Pictures stay out of the copy; set down each line of the listing below exactly.

_Given data_
--- --- ---
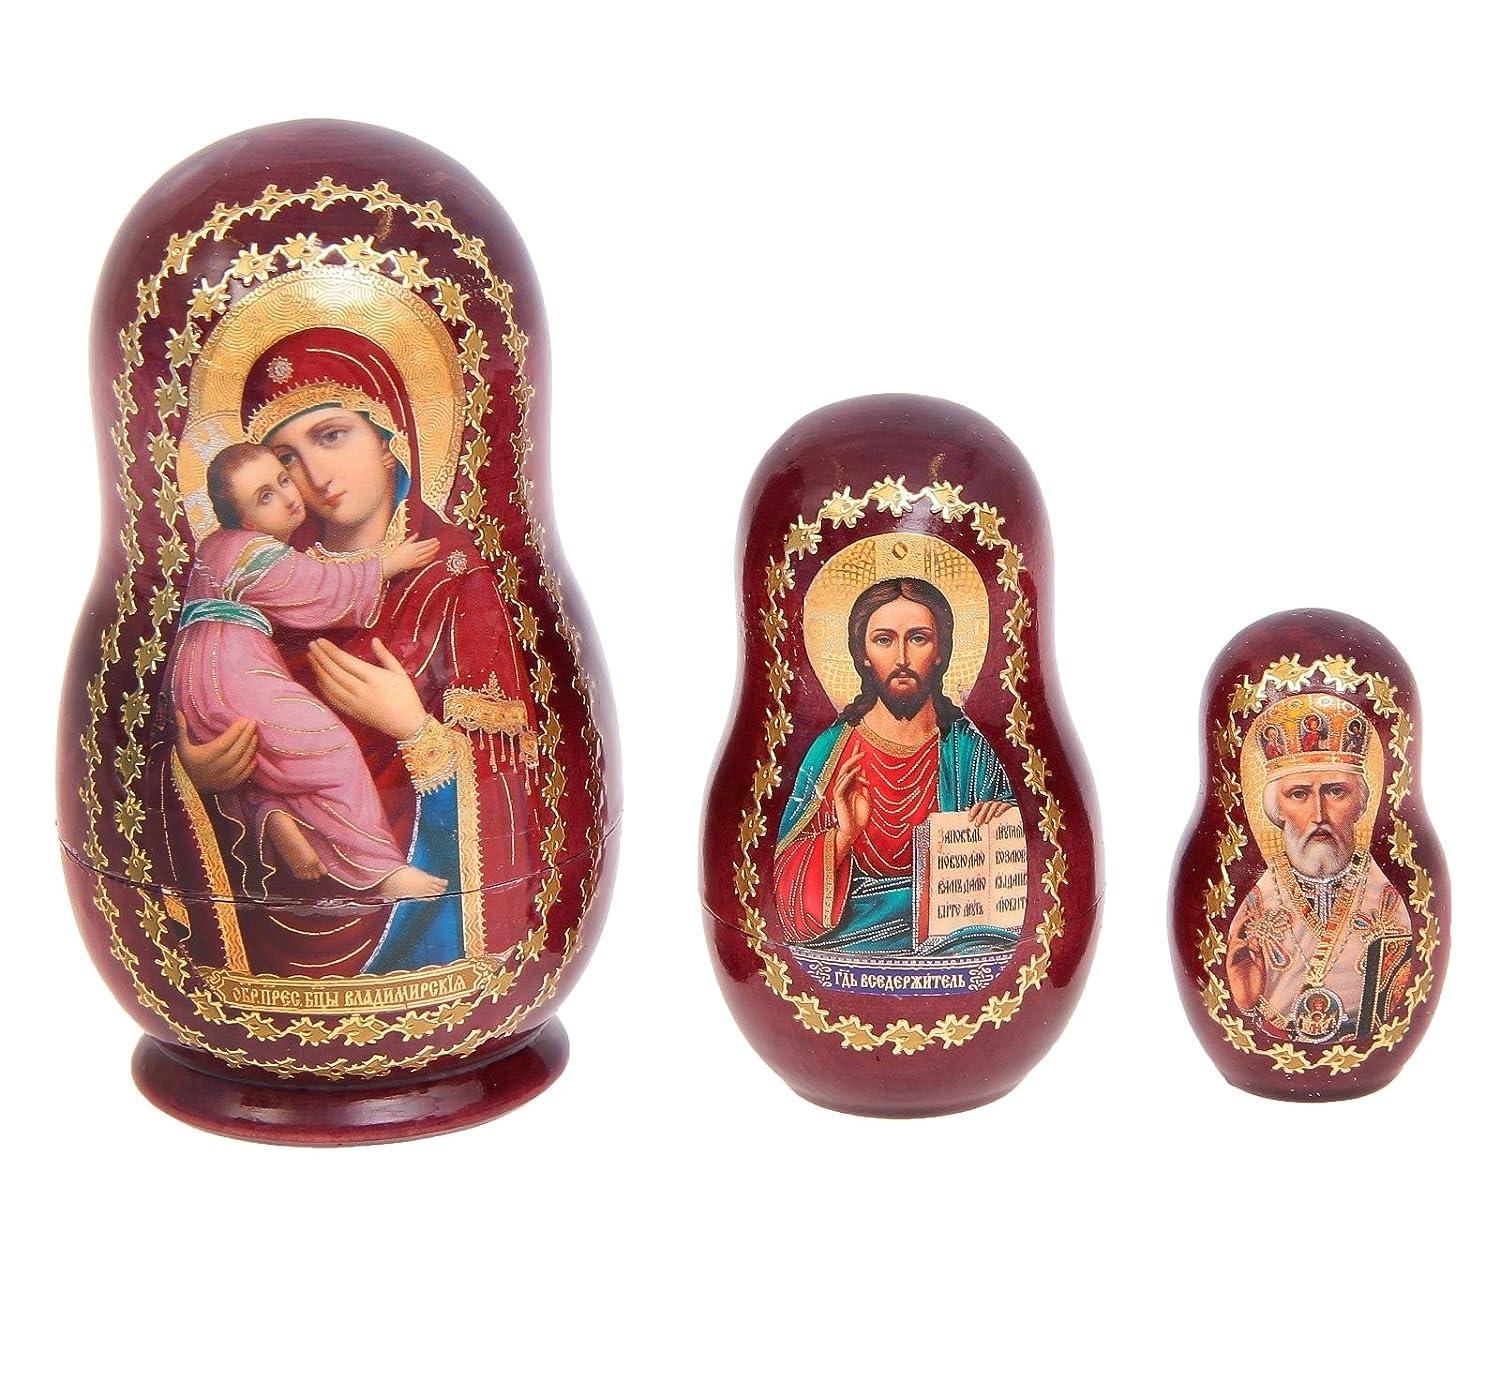 3,9 Set of 3 Wooden Russian Icon Nesting Dolls Matryoshka Stacking Nested Wood Dolls
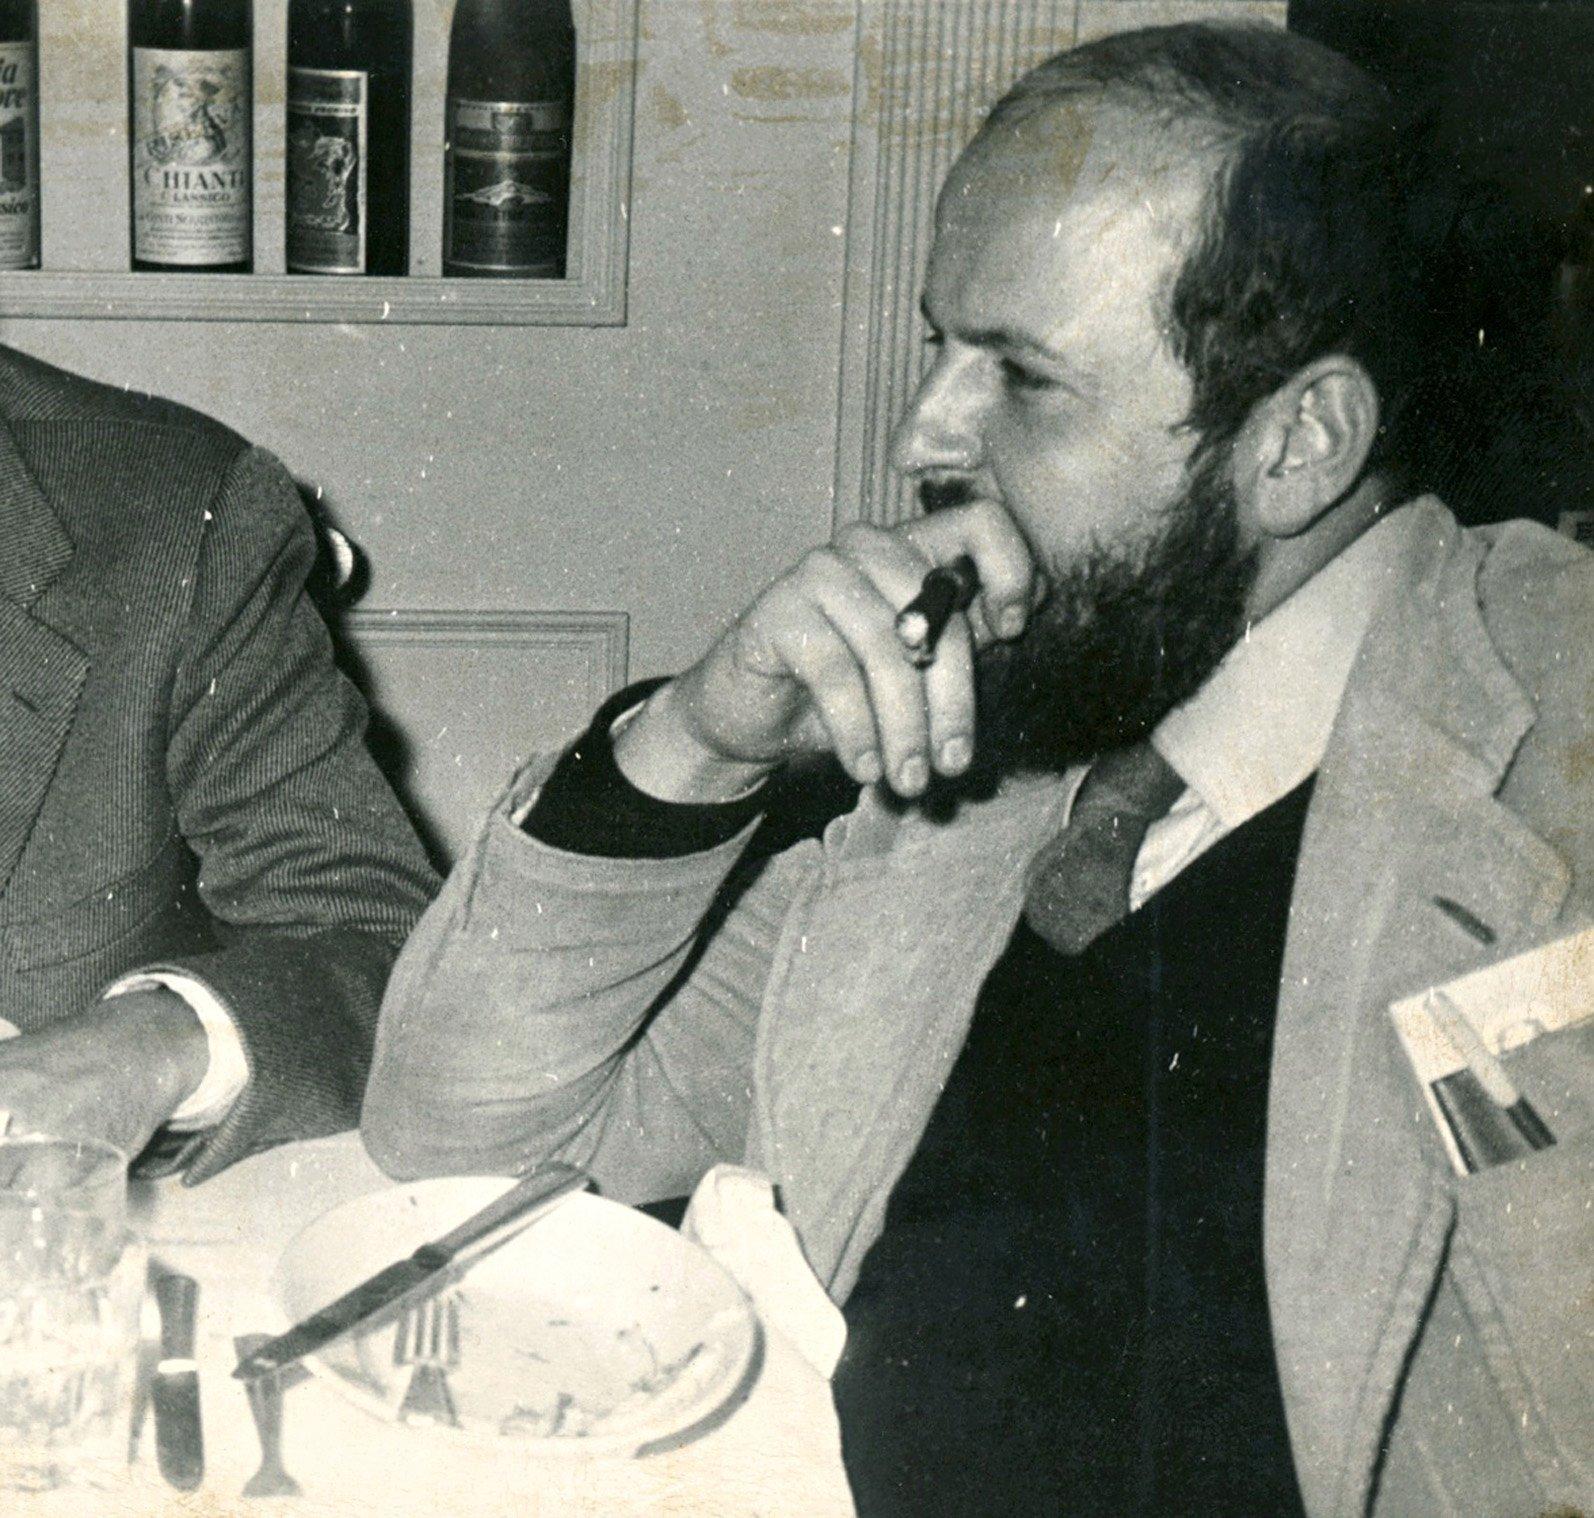 Riccardo Francovich, Firenze, 1973.
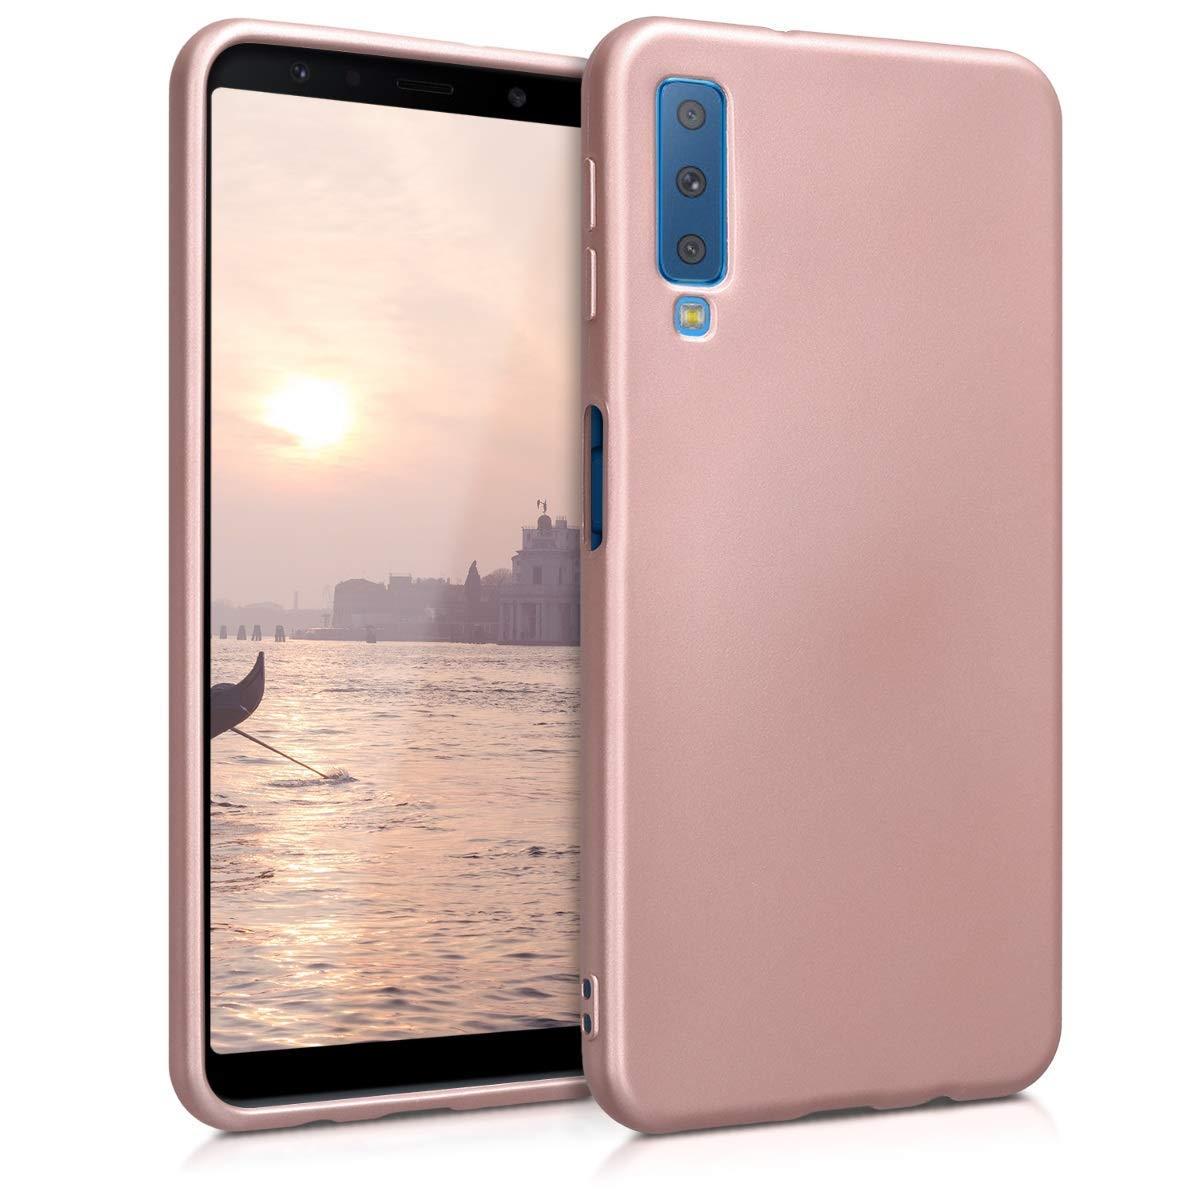 KW Θήκη Σιλικόνης Samsung Galaxy A7 2018 - Metallic Rose Gold (46421.31)
--- --- ---
_Answer for this exercise_
 3,9 Set of 3 Wooden Russian Icon Nesting Dolls Matryoshka Stacking Nested Wood Dolls
 Riccardo Francovich, Firenze, 1973.
 KW Θήκη Σιλικόνης Samsung Galaxy A7 2018 - Metallic Rose Gold (46421.31)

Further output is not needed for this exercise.